我实际上是编程新手,我正在学习如何在 python 上制作记事本的教程,我尝试导入 os 但我不知道如何导入用它。提前致谢

from tkinter import Tk, scrolledtext, Menu, filedialog, END, messagebox
from tkinter.scrolledtext import ScrolledText
from tkinter import*

#Root main window
root = Tk(className=" Text Editor")
textarea = ScrolledText(root, width=80, height=100)
textarea.pack()

# Menu options
menu = Menu(root)
root.config(menu=menu)
filename = Menu(menu)
edicion = Menu(menu)


# Funciones File

def open_file ():
    file = filedialog.askopenfiles(parent=root, mode='r+', title="Select a file")
    if file == None:
        contenidos = file.read()
        textarea.insert('1.0', contenidos)
        file.close
    else:
        root.title(" - Notepad")
        textarea.delete(1.0,END)
        file = open(file,"r+")
        textarea.insert(1.0,file.read)
        file.close()
def savefile ():
    file = filedialog.asksaveasfile(mode='w')
    if file!= None:
        data = textarea.get('1.0',END+'-1c')
        file.write(data)
        file.close()

def exit():
    if messagebox.askyesno ("Exit", "Seguro?"):
        root.destroy()

def nuevo():
    if messagebox.askyesno("Nuevo","Seguro?"):
        file= root.title("Vistima")
        file = None
        textarea.delete(1.0,END)

#Funciones editar

def copiar():
    textarea.event_generate("<<Copy>>")

def cortar():
    textarea.event_generate("<<Cut>>")

def pegar():
    textarea.event_generate("<<Paste>>")

#Menu


menu.add_cascade(label="File", menu=filename)
filename.add_command(label="New", command = nuevo)
filename.add_command(label="Open", command= open_file)

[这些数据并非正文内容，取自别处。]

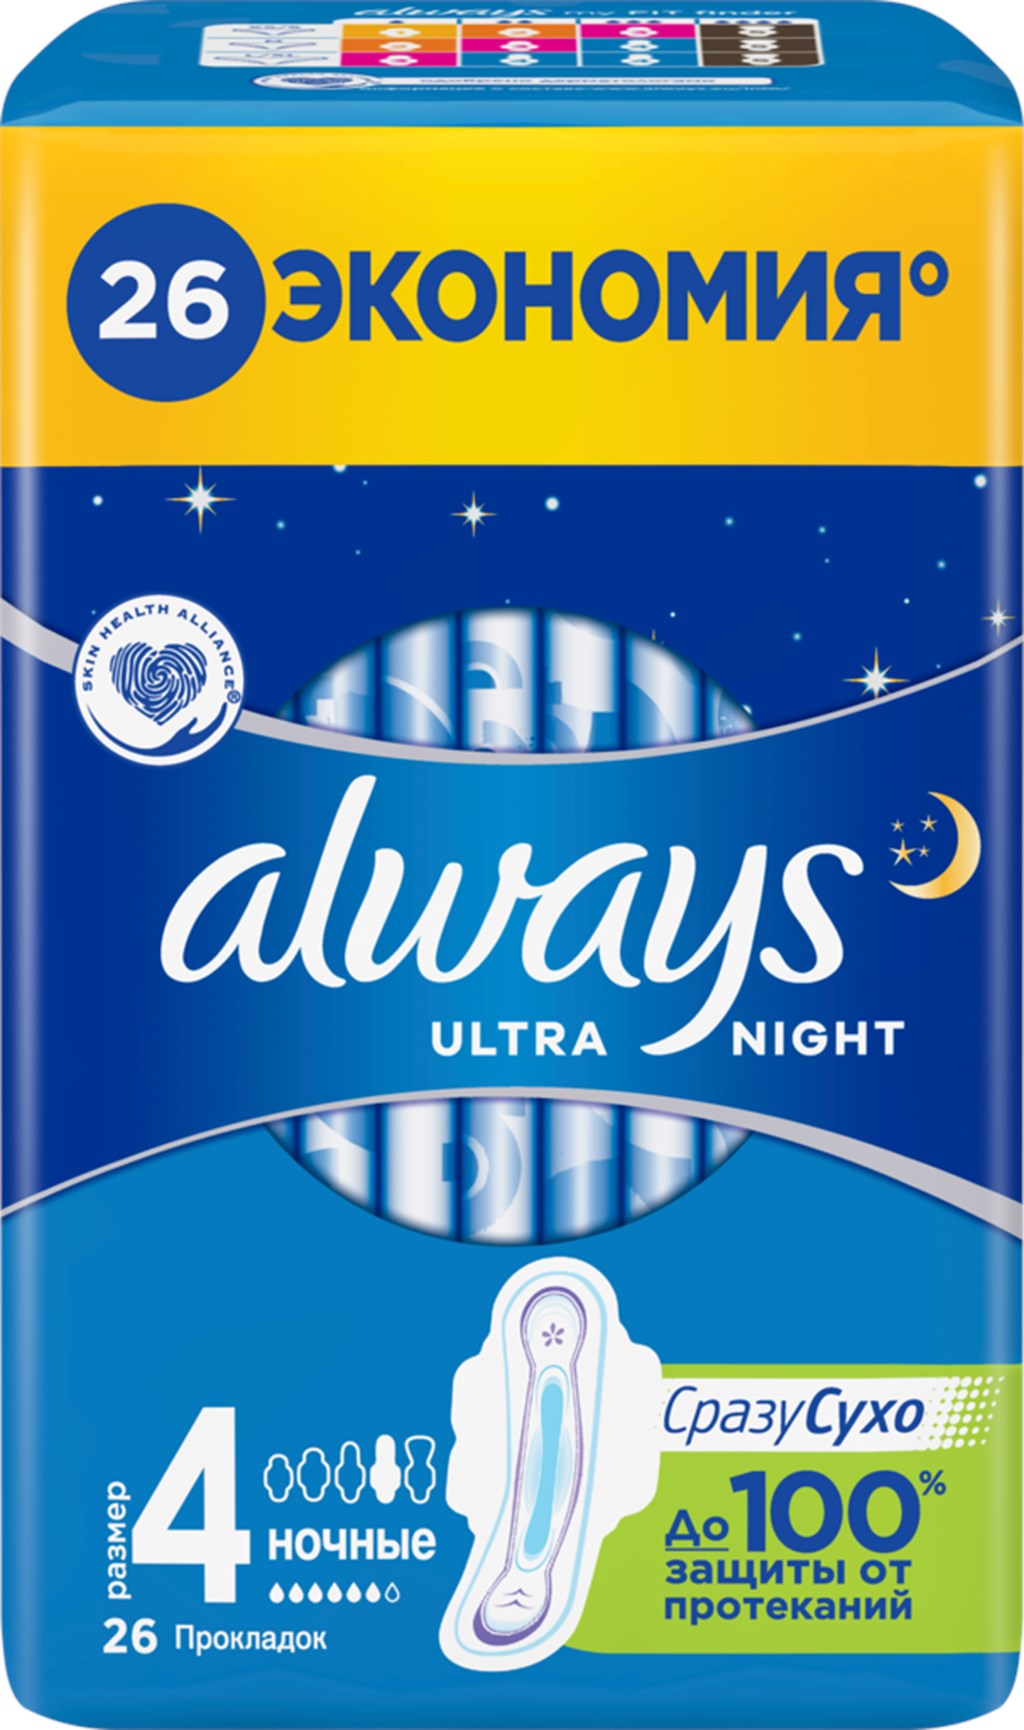 Прокладки ночные ALWAYS Ultra Night, с крылышками, 26шт

filename.add_command(label="Save", command=savefile)
filename.add_separator()
filename.add_command(label="Exit", command=exit)
menu.add_cascade(label="Editar", menu=edicion)
edicion.add_command(label="Cortar", command=cortar)
edicion.add_command(label="Pegar", command=pegar)
edicion.add_command(label="Copiar", command=copiar)
textarea.pack()

#Keep running
root.mainloop()


Exception in Tkinter callback
Traceback (most recent call last):
  File "C:\Users314\AppData\Local\Programs\Python\Python37-32\lib\tkinter\__init__.py", line 1705, in __call__
    return self.func(*args)
  File "C:/Users/57314/PycharmProjects/text_editor/bucky.py", line 28, in open_file
    file = open(file,"r+")
TypeError: expected str, bytes or os.PathLike object, not list

该错误提示您正在发生的事情。

您收到此错误:TypeError: expected str, bytes or os.PathLike object, not list

这表明这一行:

file = open(file,"r+")

正在尝试打开列表。为什么会这样?那么,您在此处用于分配 file 变量的函数是 返回文件列表 而不是单个文件名:

file = filedialog.askopenfiles(parent=root, mode='r+', title="Select a file")

您是否有可能误读了教程,您应该这样写:

file = filedialog.askopenfilename(parent=root, mode='r+', title="Select a file")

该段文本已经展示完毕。